• **Required work**:
There is material below. Print exactly the lines starting at the line with "2019年通城学典课时作业本七年级数学上册浙教版第1页" and ending at the line with "Chambre d'enfant pour un garçon photo 70", ends included, and no others.

=== Given data ===

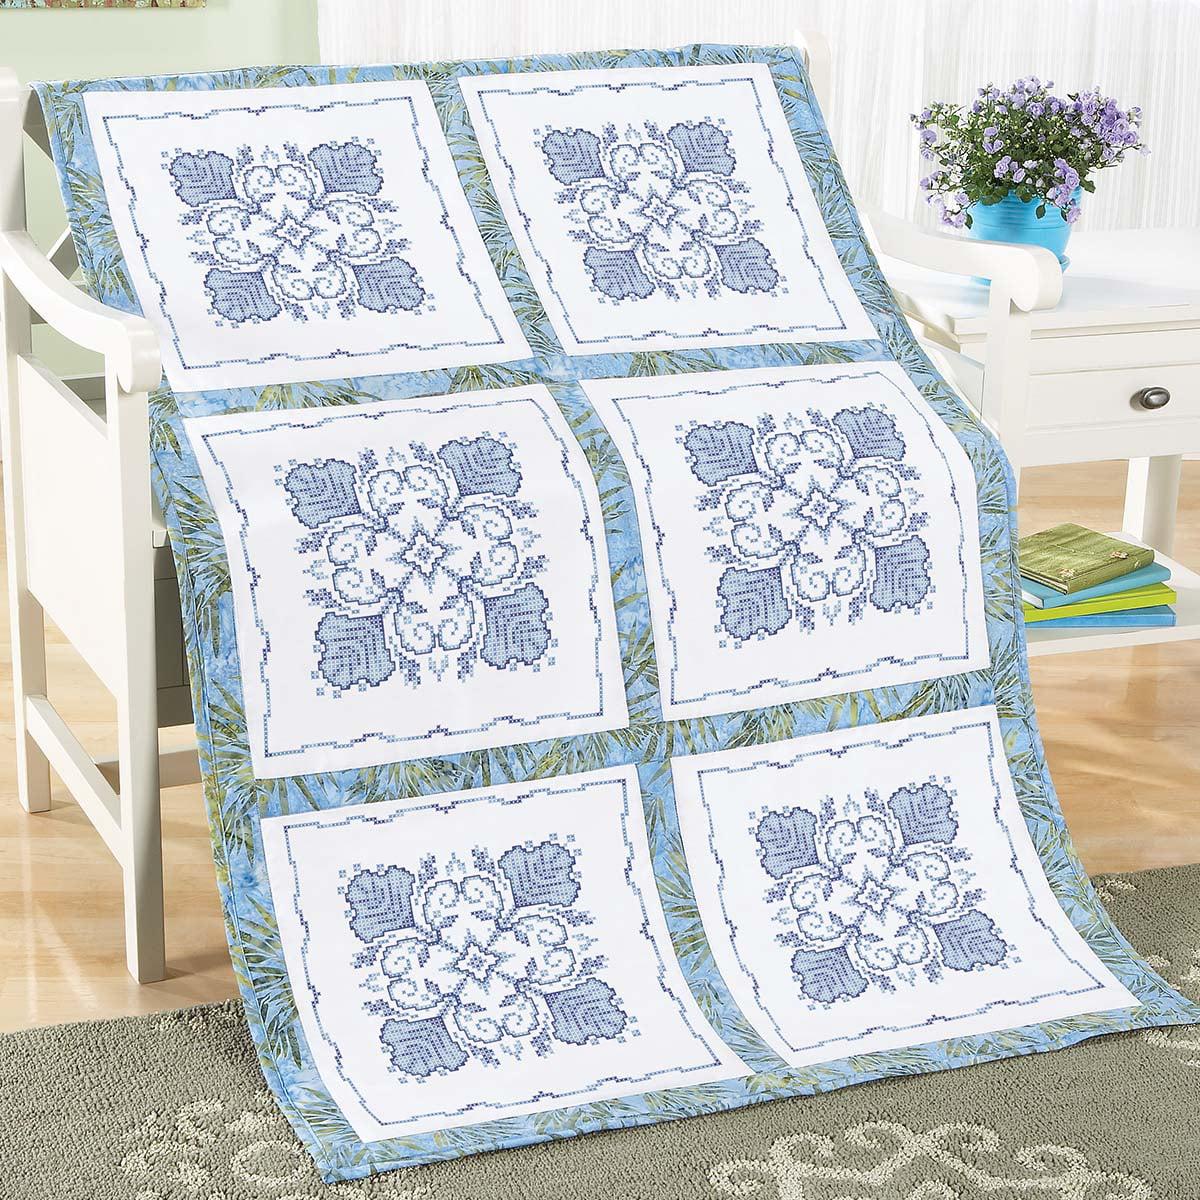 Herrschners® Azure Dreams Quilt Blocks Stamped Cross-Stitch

===
=== Given data ===

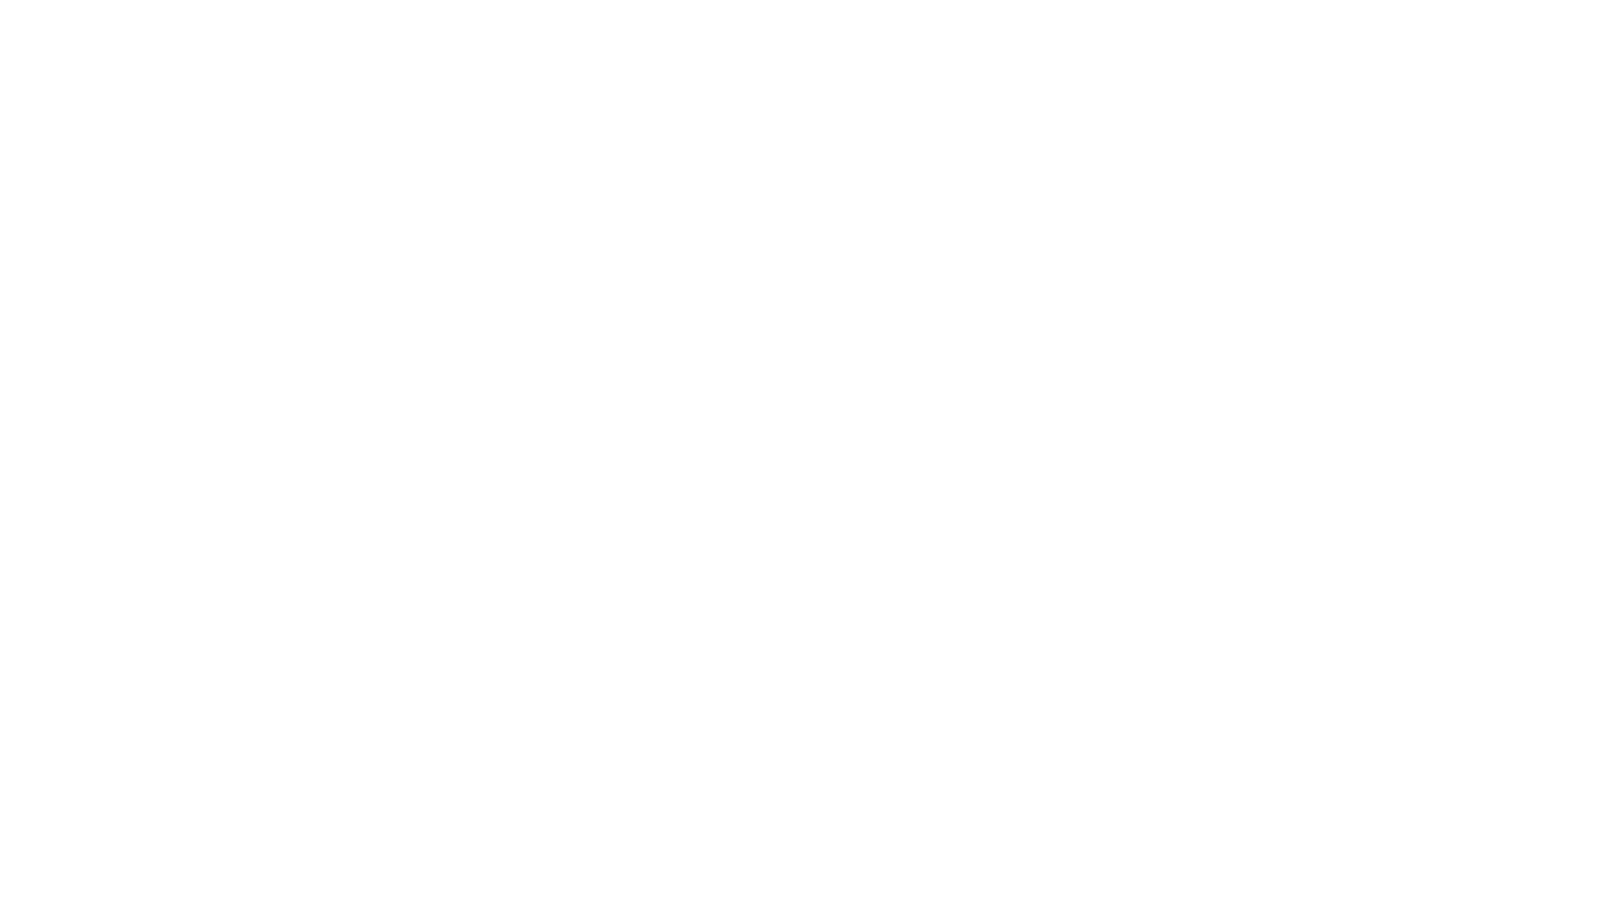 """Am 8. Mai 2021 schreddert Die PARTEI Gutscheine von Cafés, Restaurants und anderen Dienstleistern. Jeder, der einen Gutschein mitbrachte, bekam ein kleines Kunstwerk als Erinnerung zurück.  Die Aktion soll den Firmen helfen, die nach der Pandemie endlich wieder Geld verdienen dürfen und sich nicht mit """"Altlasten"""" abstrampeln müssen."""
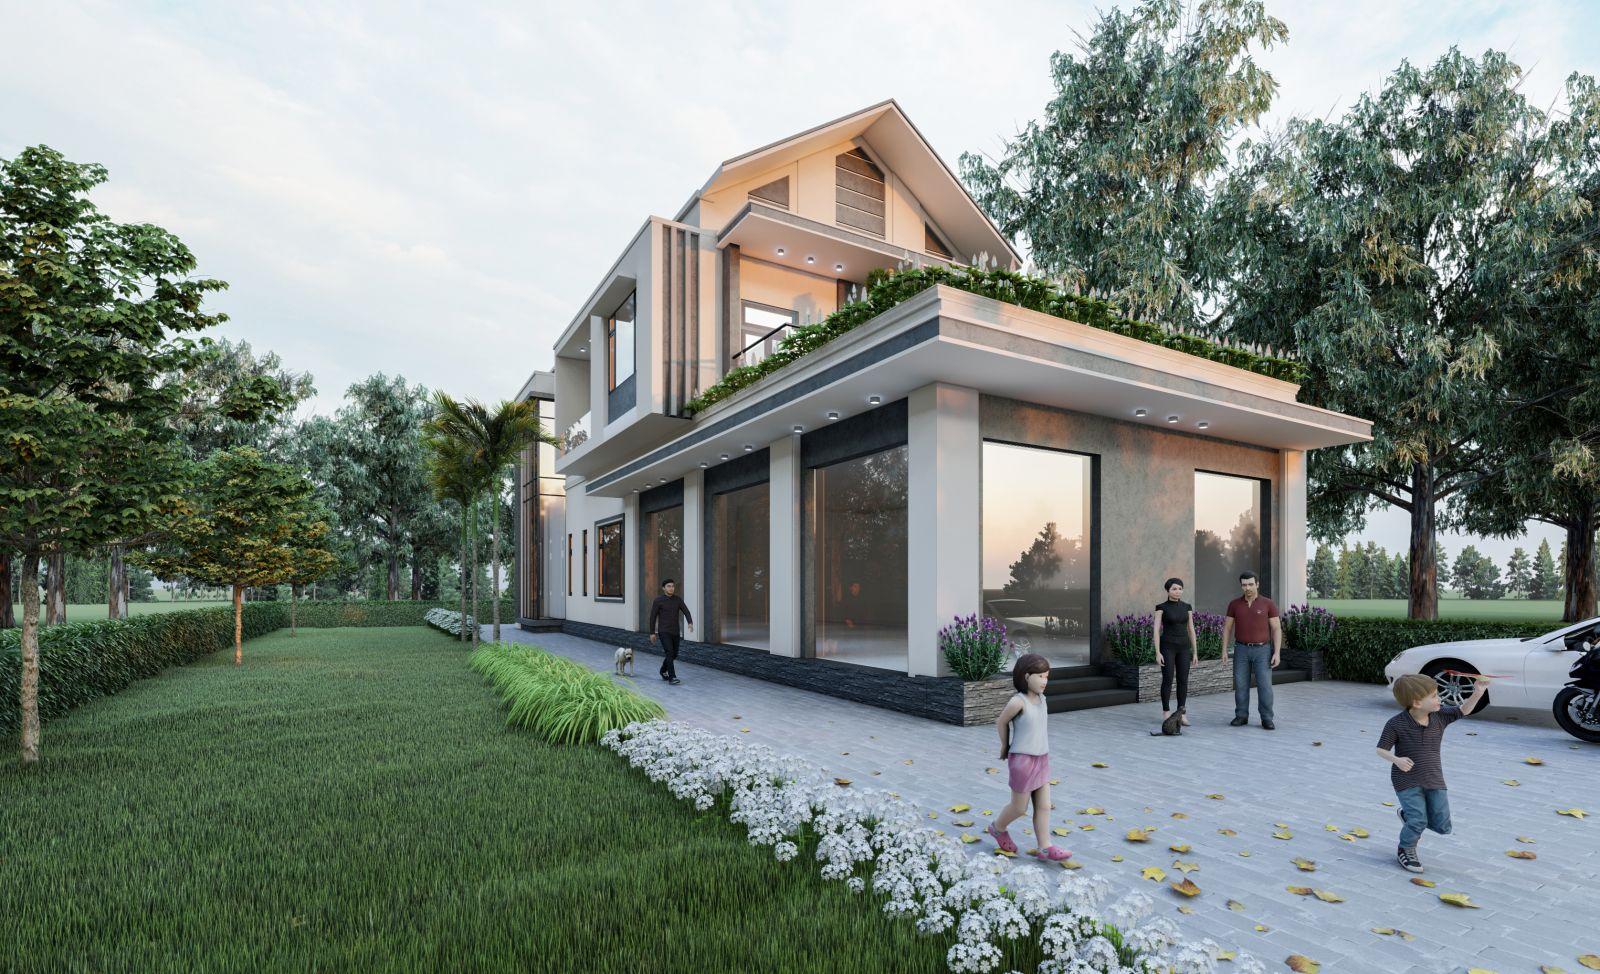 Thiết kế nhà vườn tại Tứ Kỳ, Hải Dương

===
=== Given data ===

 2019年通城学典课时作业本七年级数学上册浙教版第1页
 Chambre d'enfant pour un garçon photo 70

===

• **Output for this task**:
 2019年通城学典课时作业本七年级数学上册浙教版第1页
 Chambre d'enfant pour un garçon photo 70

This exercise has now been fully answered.